Valori per 100mila donne riportati dall’Istat riguardanti l’omicidio volontario di donne nel 2018 da parte dei partner nell’Unione Europea.
Come migliorare la situazione?
Spesso chi mi è vicino mi dice che la prima cosa da fare è cambiare la mentalità delle persone. La necessità di sensibilizzare la popolazione tutta, di far sentire coinvolta la popolazione tutta, è fondamentale nel processo che deve portare all’uguaglianza effettiva, perché là si deve arrivare, e non si può smettere di lottare finché tutte le donne del mondo non avranno avuto pari accesso all’istruzione, finché non sarà posta fine all’infibulazione, ai matrimoni forzati, alla cultura dello stupro, ai ricatti sessuali sul luogo di lavoro, alla violenza nei confronti delle proprie partner.
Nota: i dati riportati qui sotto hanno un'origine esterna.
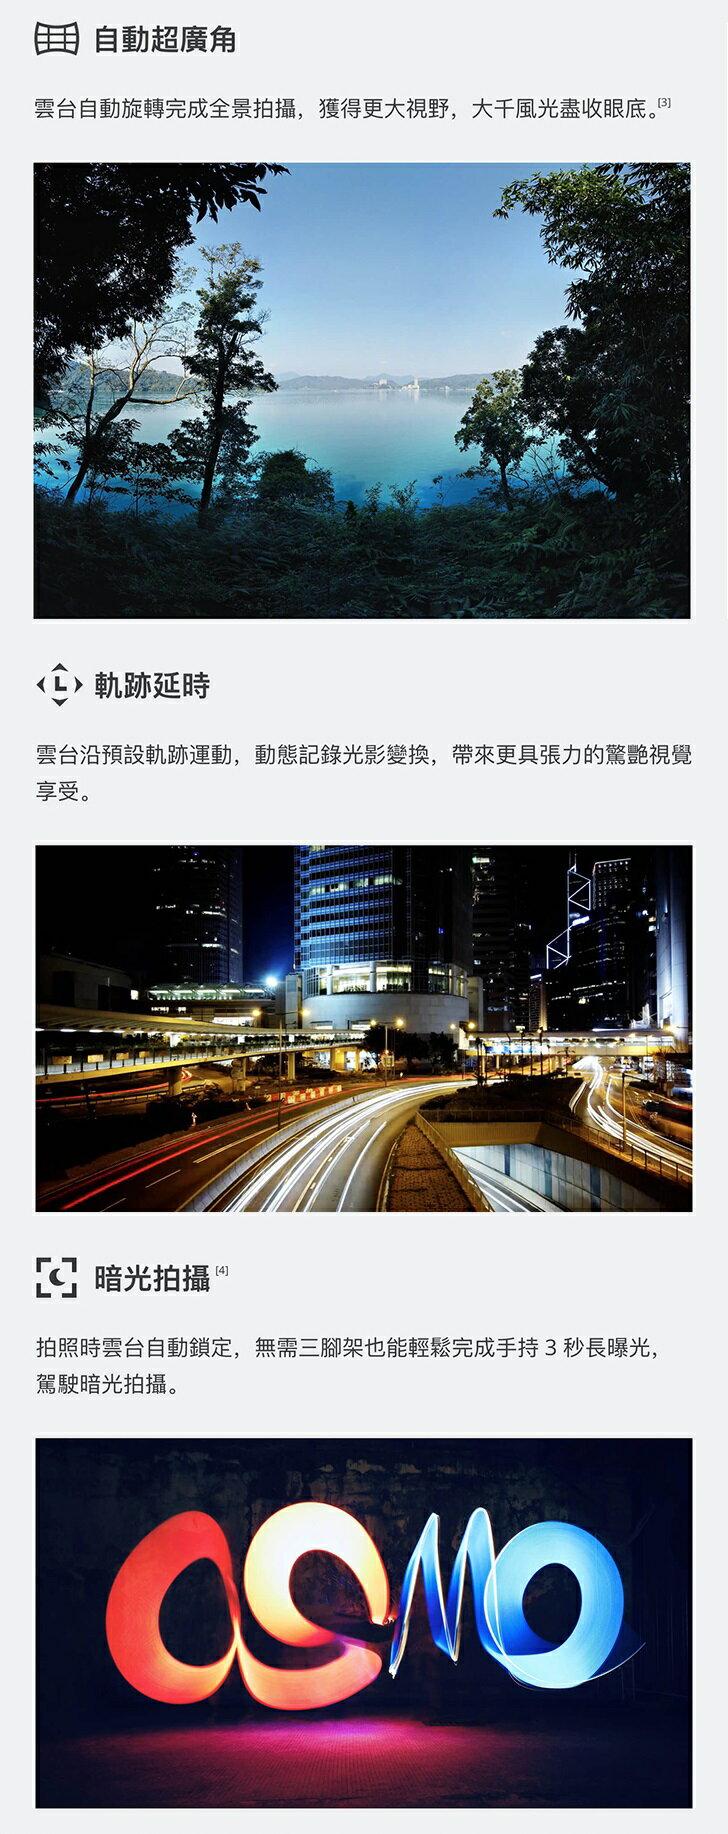 【APP領券最高折500】現貨 DJI Osmo Pocket 口袋雲台相機 全景 FPV 智能跟隨 三軸口袋機 公司貨 7

Innanzitutto, attraverso l’attivismo politico e l’istruzione, con la formazione di una coscienza civile e sociale. Bisogna far sì che le donne abbiano maggior rappresentanza in tutti i campi, a partire proprio dalla politica. Bisogna contrastare sistematicamente l’oggettivazione del corpo femminile, denunciare il cat calling, togliere alle grandi multinazionali la possibilità di speculare su un’immagine prototipica della donna, sostenere la donna stessa nel non sentirsi colpevole per la violenza subìta, denunciare le violenze di cui siamo testimoni, rispettare i tempi e le modalità di racconto delle violenze.
L’educazione sin dall’infanzia al rispetto e all’uguaglianza sono fondamentali come base di partenza. Soprattutto, è necessario insegnare ai ragazzi ad abbandonare le prepotenze, il sessismo sia nelle parole che negli atti, l’arroganza di credersi superiori a metà della popolazione sulla base del proprio genere e il giudizio sulle donne in base al loro modo di presentarsi. Libertà e rappresentazione per le donne, abbattimento della cultura dello stupro e del fallocentrismo.